El reparto incluye a los diminutos Enrique Fernández, José Jaime Espinosa, Rodolfo Sánchez, Mariano Camino, Isabel Fernández... y así hasta treinta liliputienses que en el cartel se promocionan como “grandes enanos”. Rememora el protagonista en un libro de conversaciones con Enrique Brasó que este fue uno de los problemas a los que hubo de enfrentarse la producción. El organizador financiero del asunto contaba con el sueldo de su estrella, pero pensaba que los salarios de los diminutos serían proporcionales a su tamaño. Craso error. Casi todos ellos ganaban sus buenos cuartos en el circo o con los espectáculos taurinos y renunciar a ellos durante más de un mes que duró el rodaje, requería compensaciones principescas. Por ello, concluye Fernán-Gómez, los productores tuvieron que seguir pagando pequeñas cantidades mucho tiempo después de acabado el rodaje. “Lo que más recuerdo, como cosa singular, es el haber visto que todos estos actores componían una especie d sociedad distinta dentro de nuestra sociedad. Y que se comportaban de otra manera. Vivían así”.

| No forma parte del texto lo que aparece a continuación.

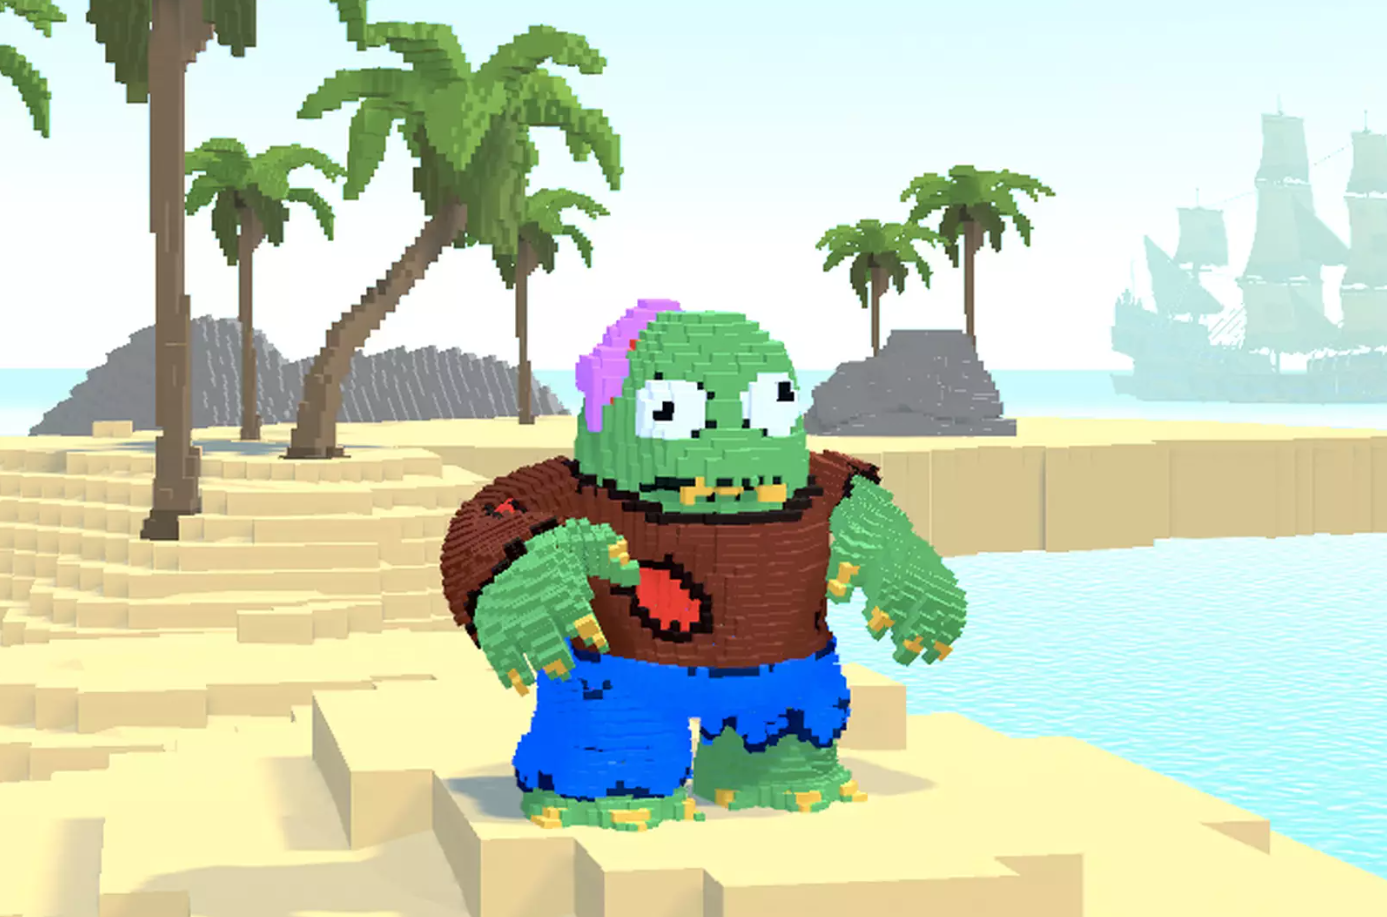 image of the Kevin NFT created by Pixelmon

Martín “El Marquesón” (Fernán-Gómez) descubre que el diminuto empresario que explota a sus compañeros oculta a una mujer (Yolanda Farr). Con la ayuda de ésta el extranjero decide hacerse con el poder. Lo logra gracias al libre mercado: juego, alcohol, tabaco... Los oprimidos se alzan contra su antiguo jefe... sólo para colocar en su puesto al delincuente. Eso sí, en nombre de la civilización occidental y el progreso. La lectura entre líneas, en tiempos de la transición democrática, no podía ser más sarcástica. Menos nihilista acaso que aquella Auch Zwerge haben klein angefangen (También los enanos empezaron pequeños, 1970), que el director alemán Werner Herzog rodara en Lanzarote y que tantos puntos de contacto guarda con Gulliver.

El resultado es tan esperpéntico como cabía esperar y bastante más brutal, zafio y conscientemente feísta de lo esperado. Escenas como la de la felación o la violación de Rosa por parte de los enanos liberados de la opresión de su jefe son brutales hasta lo doloroso.

Los espectáculos puestos en escena por los pequeños en su cuartel de invierno son espectáculos taurinos —una parte del elenco procede de la troupe de “El Chino Torero”— y el vodevil arrepistado. Cuando Martín se haga con el poder intentará llevarles por la senda del teatro trascendente, los clásicos con lectura contemporánea y el toreo serio. Todo ello dará como resultado el ridículo más espantoso ante los empresarios teatrales (José Riesgo y Enrique Vivó), que buscan el espectáculo burlesco que asegure la taquilla, y, más grave, la cogida y muerte de uno de los toreros diminutos que provocará la venganza de los fenómenos en la línea canónica marcada por Freaks (La parada de los monstruos, 1932). El rótulo final dedica la cinta “a los marginados de cualquier condición, a los extranjeros de ninguna parte”, algo con lo que nos sentimos plenamente solidarios.

La cinta dirigida por Ungría se revela así como pieza clave en la evolución de Fernán-Gómez como cineasta. Una línea que enlazaría desde la zarzuelera Bruja, más que bruja (1977) hasta la desesperanza desaforada de Mambrú se fue a la guerra (1986). 

Gulliver se estrena con casi tres años de retraso en el coqueto cine Palace de Madrid, con sus butacas blancas y su terciopelo rojo, una vez enterrado el control estatal heredado del franquismo.

Dos versiones primigenias del comentario sobre Gulliver aparecieron en Circo Mélies.